Exercise brief:
Reproduce the lines below exactly, from the one containing "Modway Accent Chairs" through the one containing "Cuticle Nippers: Types", both included. Leave out any pictures.

Stored data:
──────────────────────────────
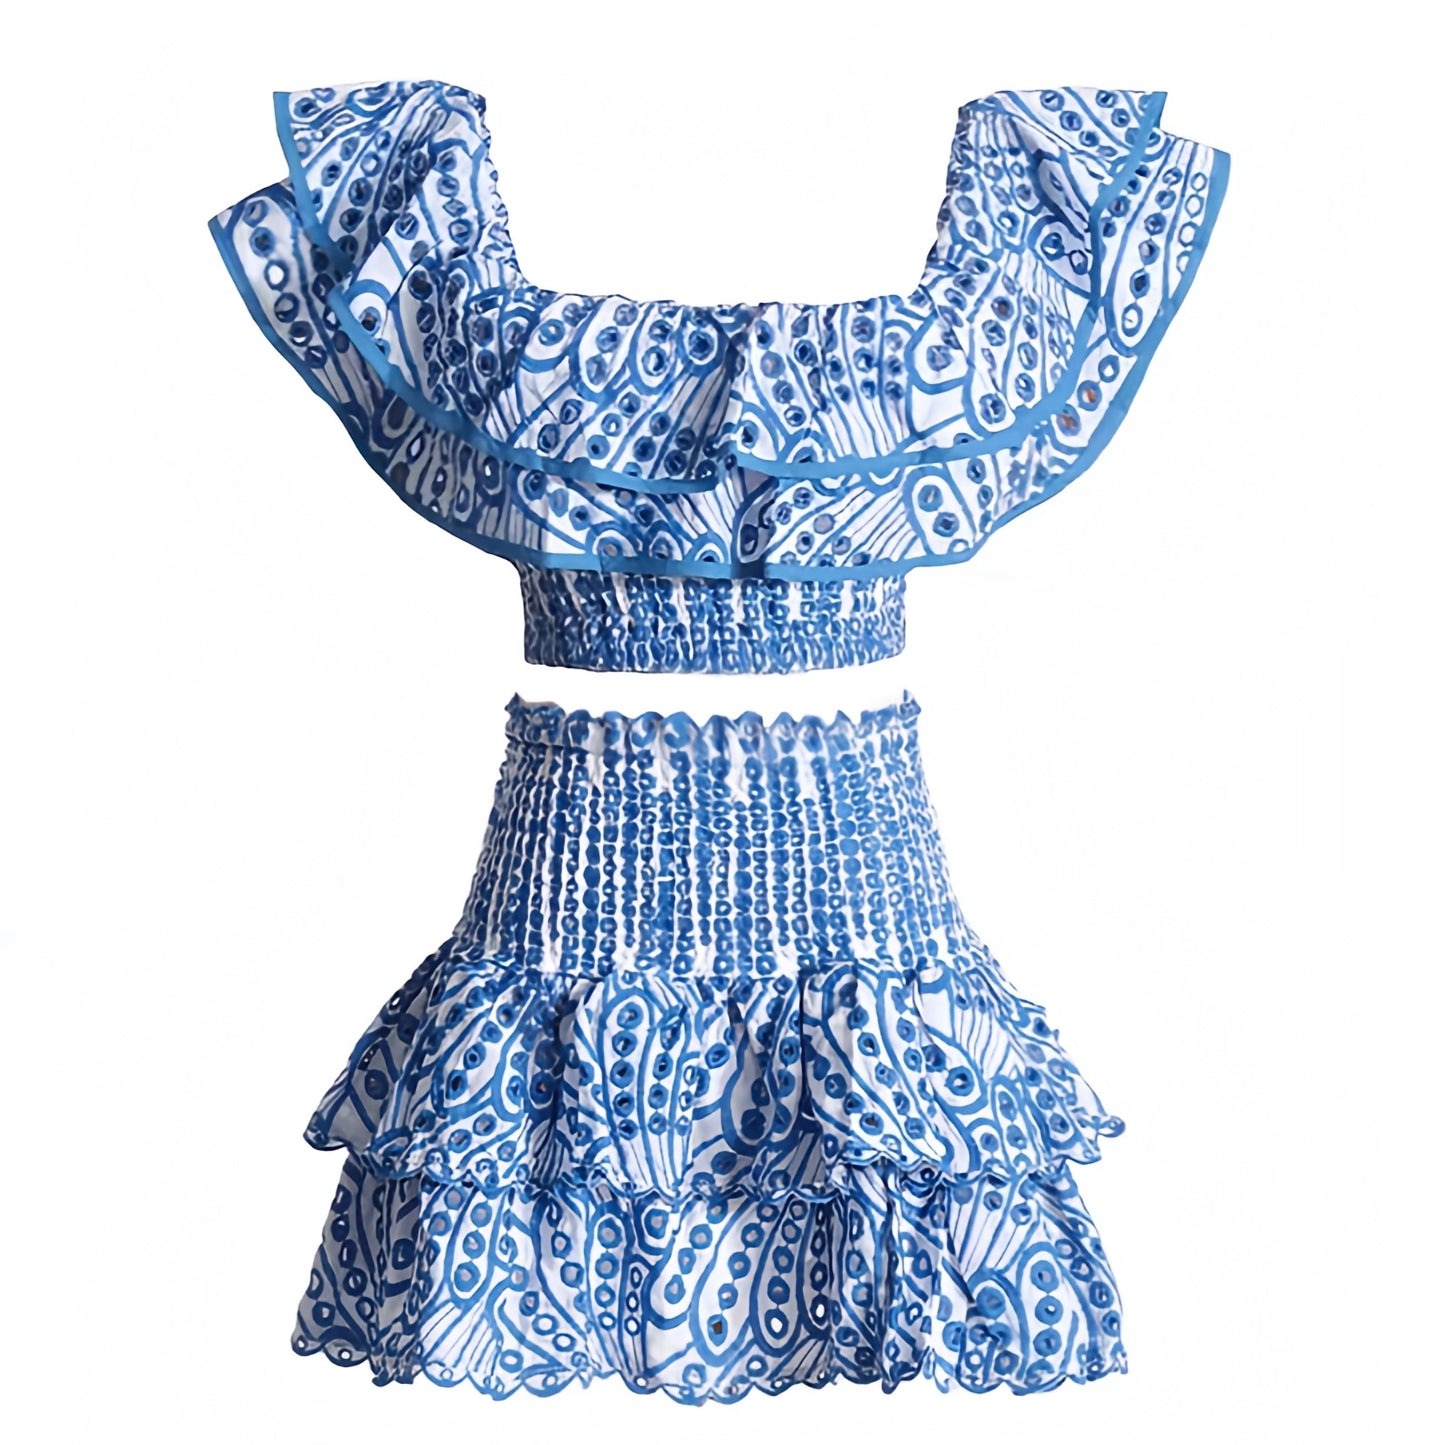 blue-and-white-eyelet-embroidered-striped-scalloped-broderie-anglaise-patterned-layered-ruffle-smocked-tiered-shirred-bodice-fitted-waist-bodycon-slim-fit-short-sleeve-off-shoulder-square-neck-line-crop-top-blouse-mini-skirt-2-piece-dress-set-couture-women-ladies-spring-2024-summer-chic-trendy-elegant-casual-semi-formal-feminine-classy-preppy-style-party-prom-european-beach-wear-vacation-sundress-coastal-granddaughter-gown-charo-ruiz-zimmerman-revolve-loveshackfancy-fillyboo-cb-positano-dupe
──────────────────────────────
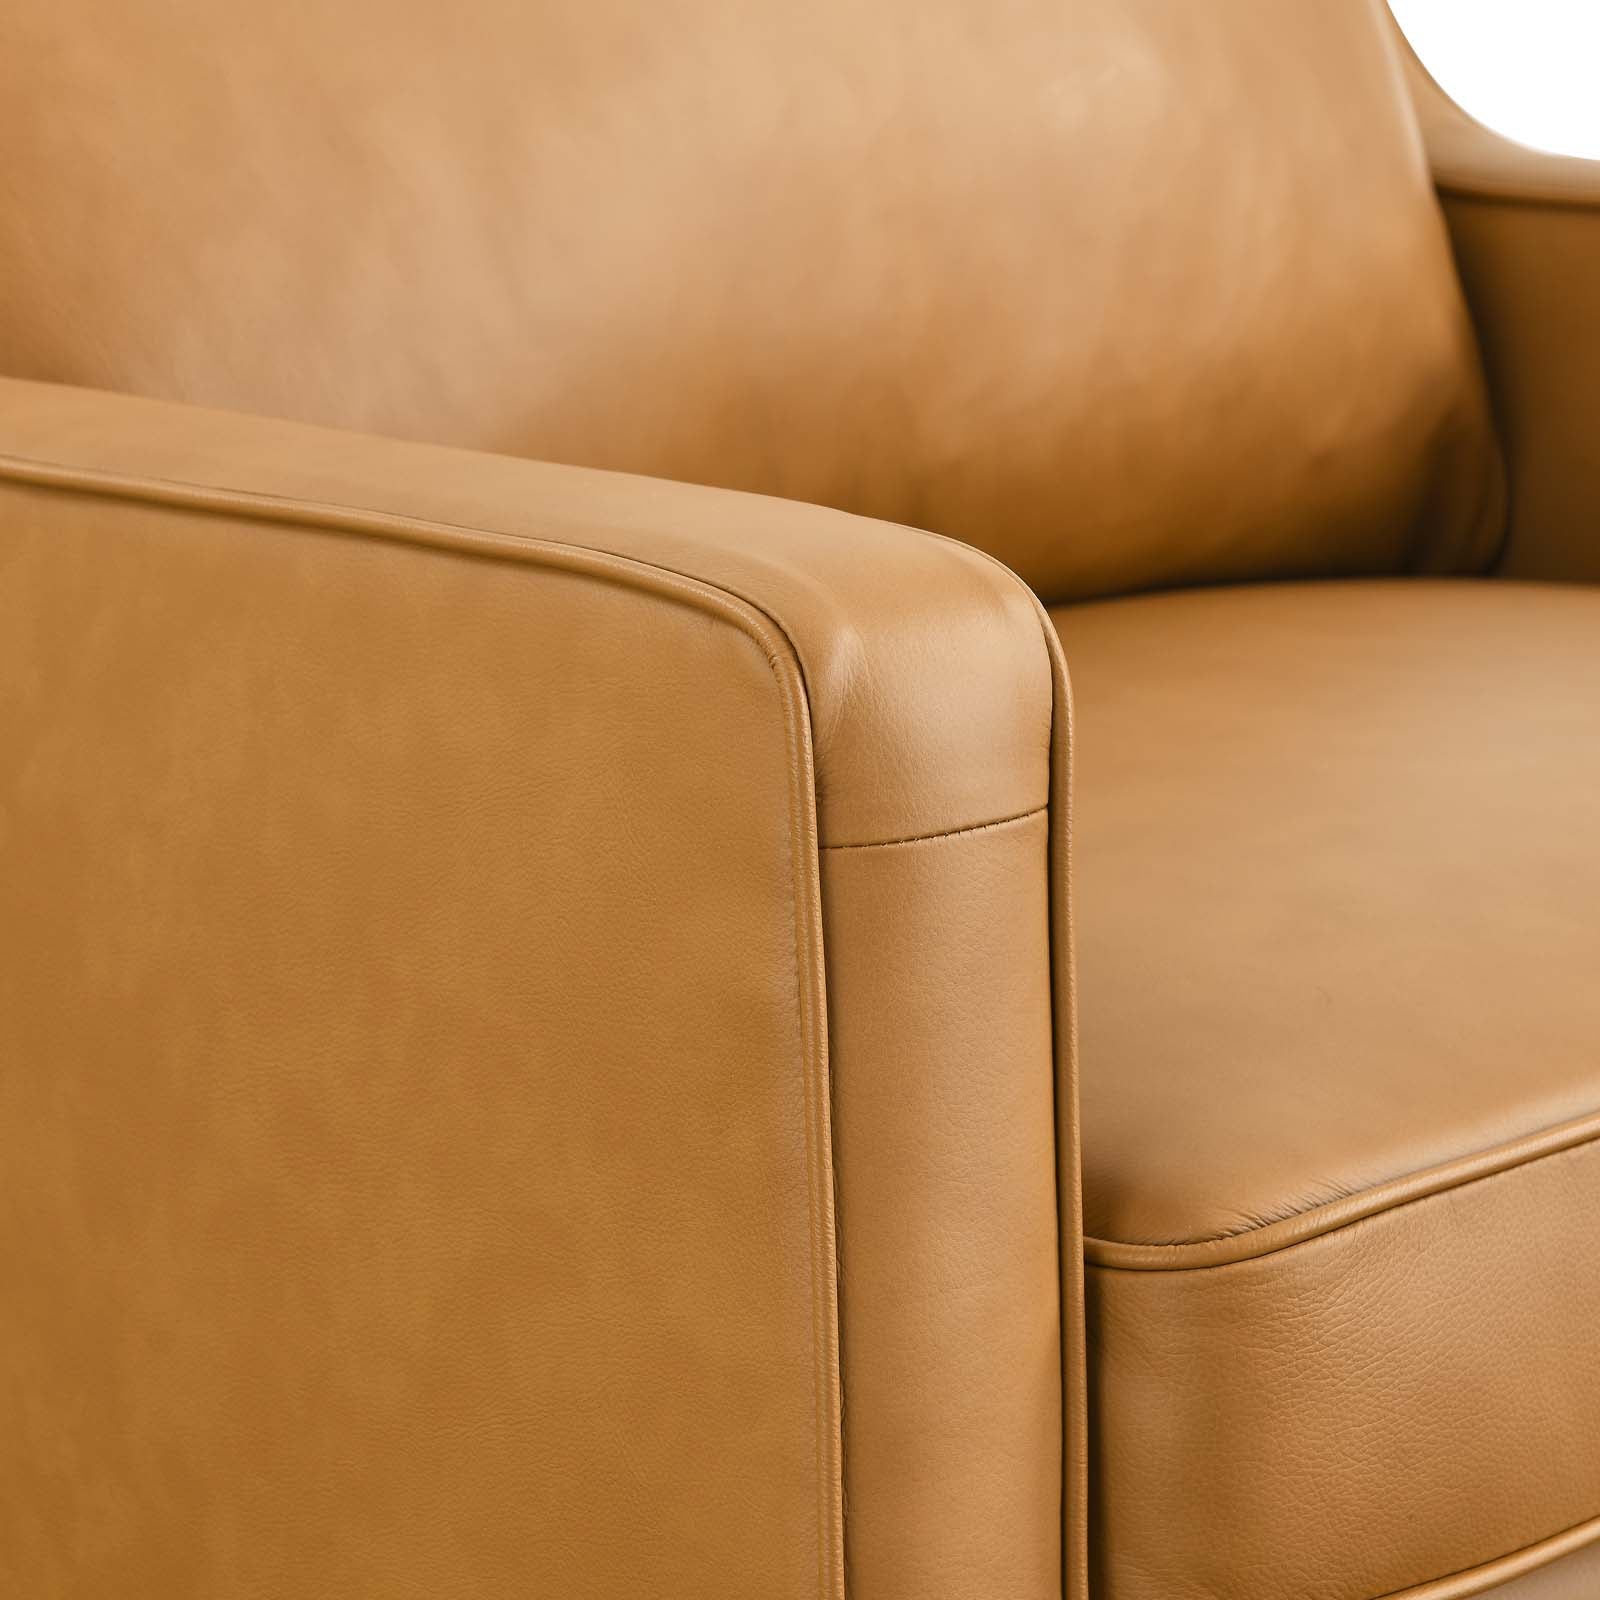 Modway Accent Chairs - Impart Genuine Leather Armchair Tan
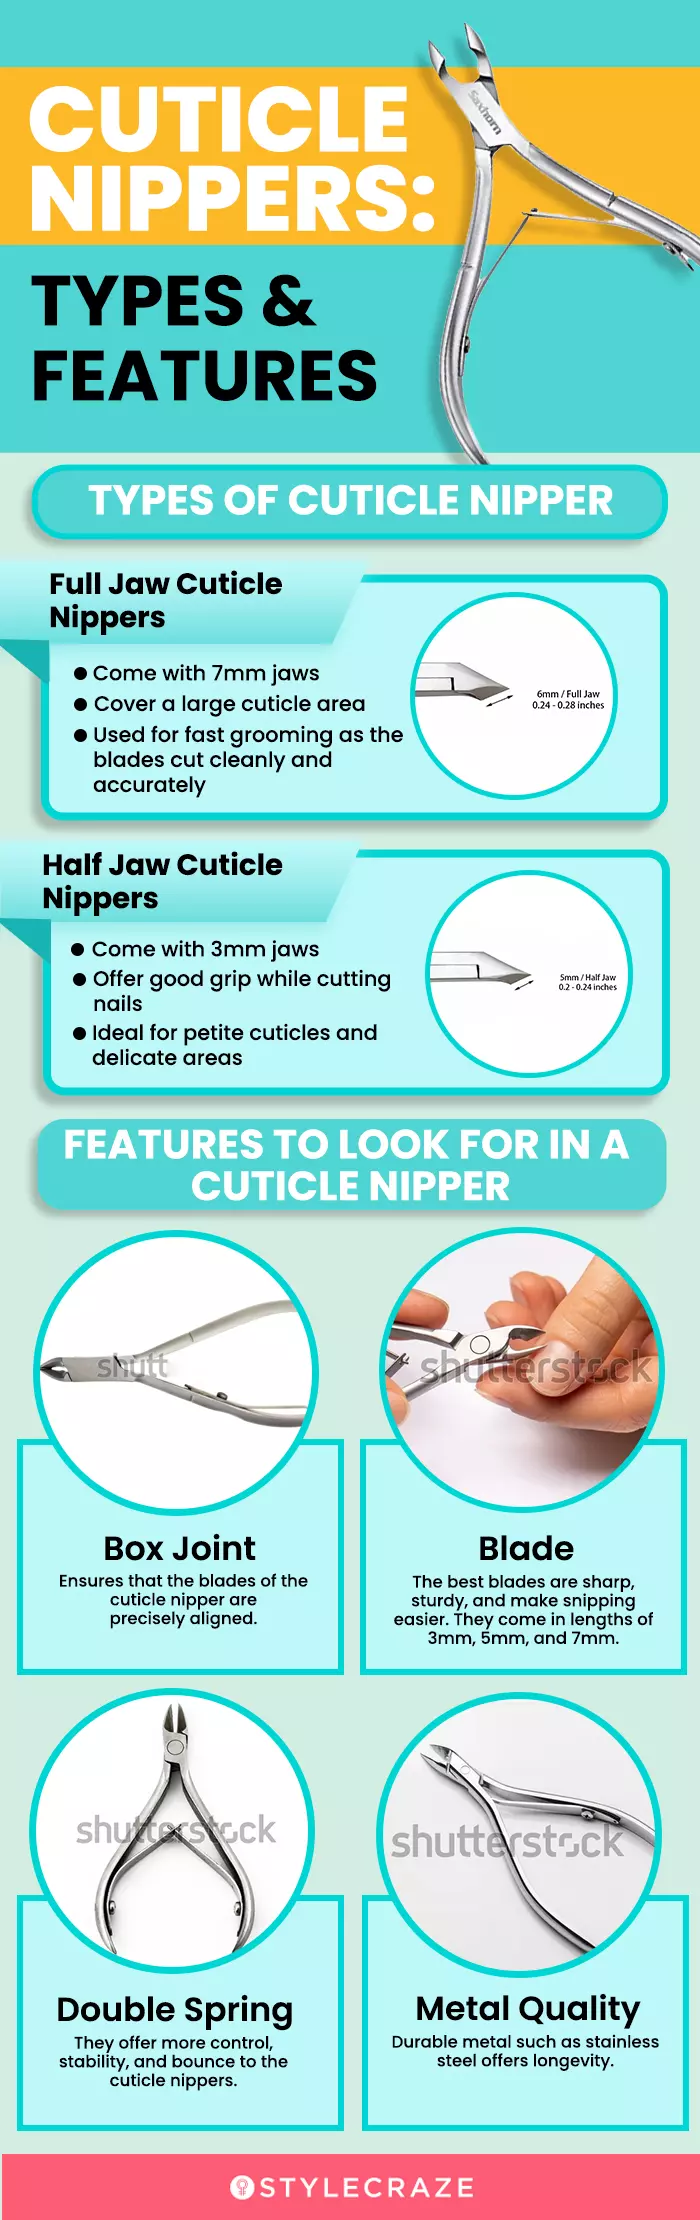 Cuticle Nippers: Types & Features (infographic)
──────────────────────────────
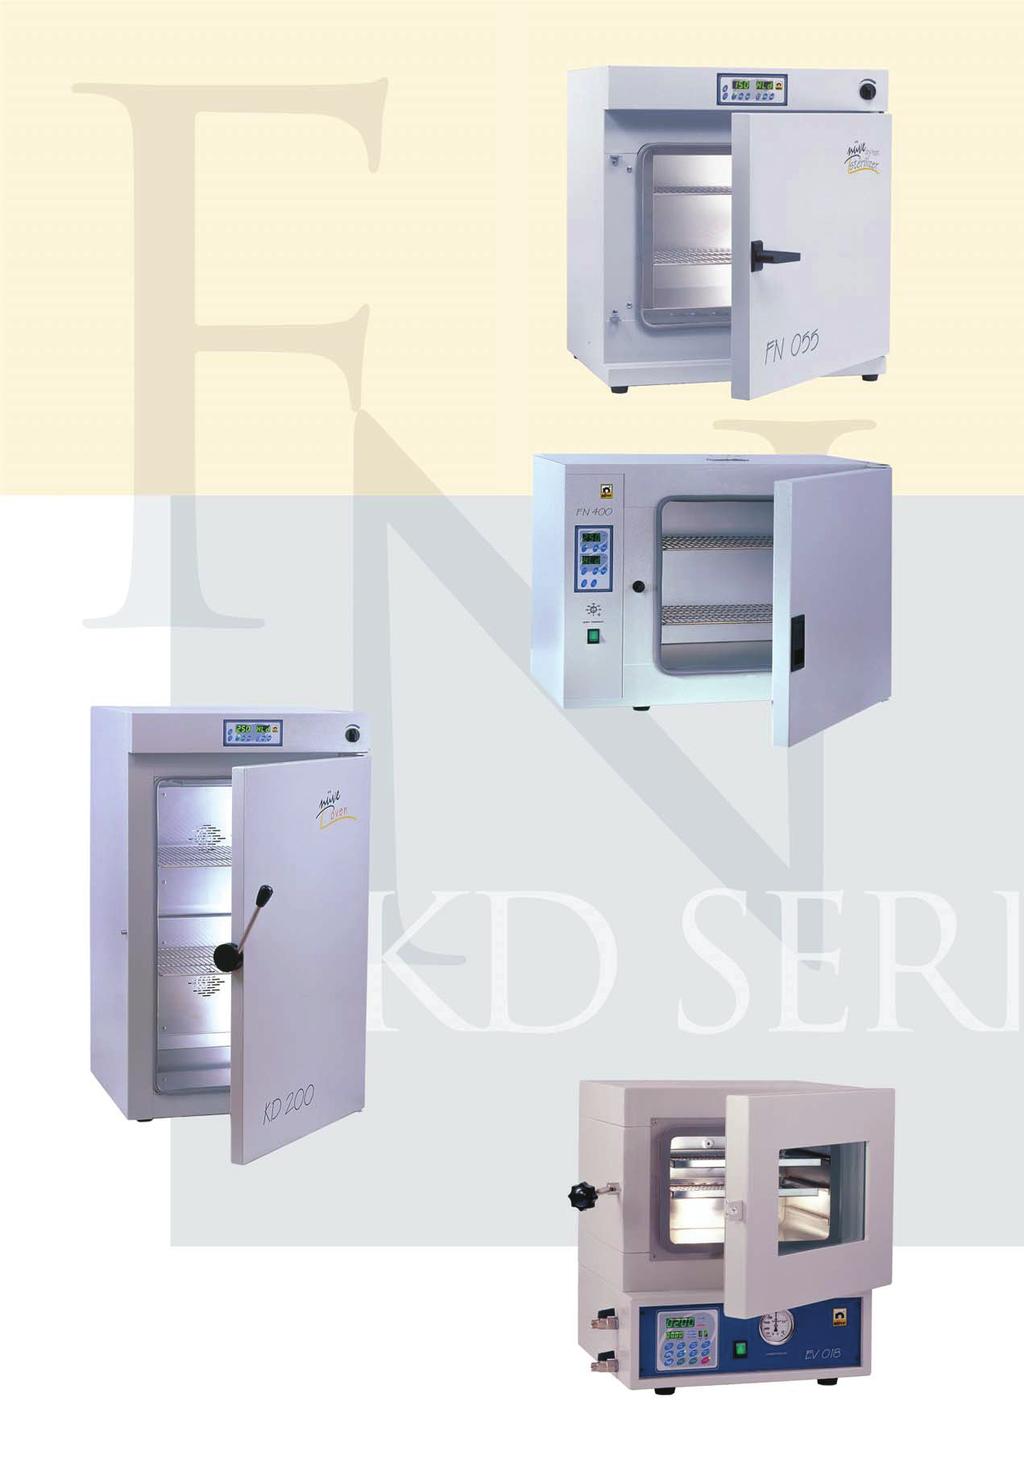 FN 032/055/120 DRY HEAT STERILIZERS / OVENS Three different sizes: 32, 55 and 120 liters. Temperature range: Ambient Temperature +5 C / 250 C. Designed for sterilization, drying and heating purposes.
──────────────────────────────
Answer space:
 Modway Accent Chairs - Impart Genuine Leather Armchair Tan
 Cuticle Nippers: Types & Features (infographic)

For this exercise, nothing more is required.